A few weeks ago I attended a conference on retail-led regeneration run by Future for London. I must admit my expectations for hearing much innovation were low considering it was being held at GVA’s offices. However, I was pleasantly surprised when Richard Coppell from Lend Lease started talking about the importance of quality of place for successful retail areas. Richard even used the example of the Howard de Walden estates management of Marylebone High Street to create the right overall balance of shops by cross-subsidising different occupiers.
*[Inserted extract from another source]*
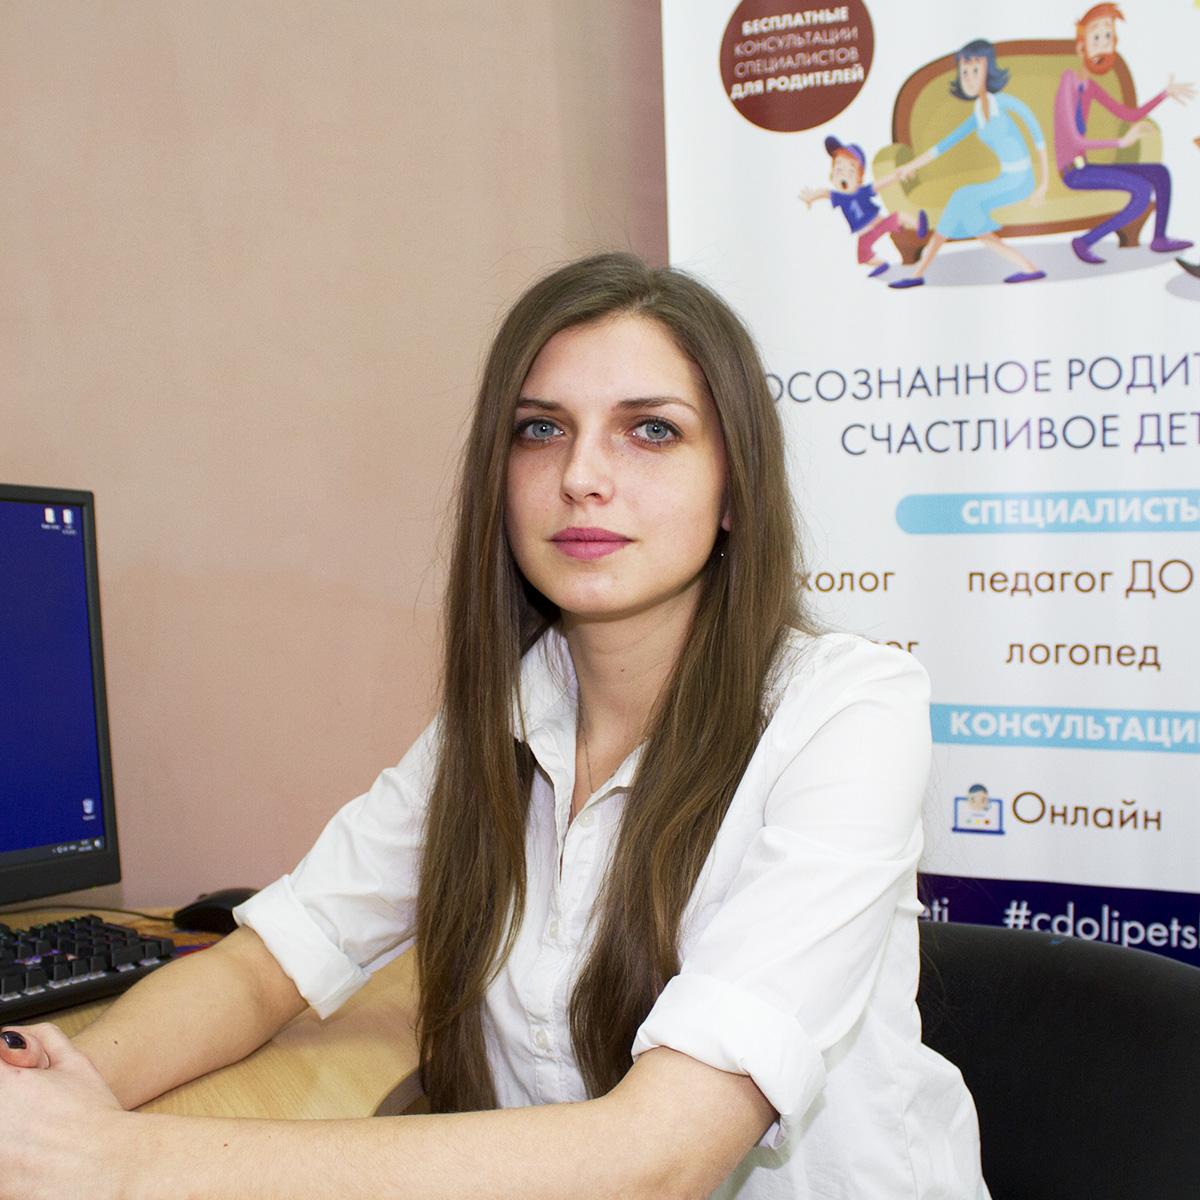 Владимирова Надежда Сергеевна

The idea behind the management of Marylebone High Street that Richard alluded to is that if you leave the make-up of a high street to market forces, you’ll eventually get a homogenous spread of national multiples who can afford higher rents serving the population with the highest disposable income and displacing some of the places main attractions. Instead, if you take a view on the value individual shops have on the overall image and feel of the street, the unquantifiable value of their presence might be more than the difference in rent they can pay.
It’s good to know that large landowners like Lend Lease are becoming aware of the need to manage the overall experience of a place. However, Coppell’s use of Westfield and One New Change as other examples of this suggested to me that although they are moving in the right direction, they still lack a fundamental understanding of what makes a place that people like using.
Recently I asked people on twitter what shops they would have on their ‘perfect high street’ and the suggestions were, as expected, a range of different small scale, local independent retailers. But the reason for this wasn’t necessarily because local shops are better for the local economy, or because they contribute to increasing social capital in a neighbourhood, but because of the type of place that they create.
We don’t want to spend time in places that have been minutely designed to ensure that we are always safe and comfortable, inhabited only with people like us, buying the things that we buy.
We want places that will stimulate us and keep us interested. Places that take us outside our comfort zones and show us things we wouldn’t see otherwise. Places that haven’t been specifically designed for us, but emerged over time. Places that are authentic and whose character isn’t artificially preserved. With shops that have been there for years, with the same staff. With restaurants that have secret menus that only the locals know. With dark bars in basements that you only notice after multiple visits visit. Places that can’t be consumed in a single serving, where the more you go the more you find out.
I’m sure ‘retail experts’ will be quick off the mark to tell us that we can’t create places like these. They will tell you that small local independent retailers can’t pay as high rents as national multiples, so they can’t be accommodated in new retail areas, or expected to survive as rents increase in existing areas.
But this is what Simon Baynham, from the Howard de Walden Estate, realised back in 90’s. There is an unquantifiable value of having some types of shops on a street because of their impact on peoples experience of the street as a whole, and this is worth more in the long term than the difference in rent they can pay.
These principles can also be applied to new areas. Granted they will never have the historical continuity of victorian high streets, but there is still a lot we can do to ensure they are places we want to go to.
Unfortunately I’m not getting paid to advise Lend Lease on how to put together a great retail area, but if I were I would suggest four things:
1: Dedicate a number of shops to local business that have been in the area for a long time and pepper pot them throughout the new development. A local corner shop, a hardware store, a fishmonger.
2: Invite some occupiers that focus on other activities, not retail. Maybe some artists studios, or an exhibition space, even a place of worship or a small cinema.
3. Invite some culturally relevant occupiers. Emerging designers and start-ups, that need small units to try out their new business ideas.
4: Don’t be too precious about the look of the area. Let it evolve over time. The character of the area will emerge from the people and activities that use the place.
The bigger challenge however will be to apply these principles to areas where there are multiple land owners. Who will be the landlord that will accommodate the occupier that pays lower rent, and would other landlords contribute to the difference if they were convinced of the wider impact a particular shop could have? This is the challenge for most high streets.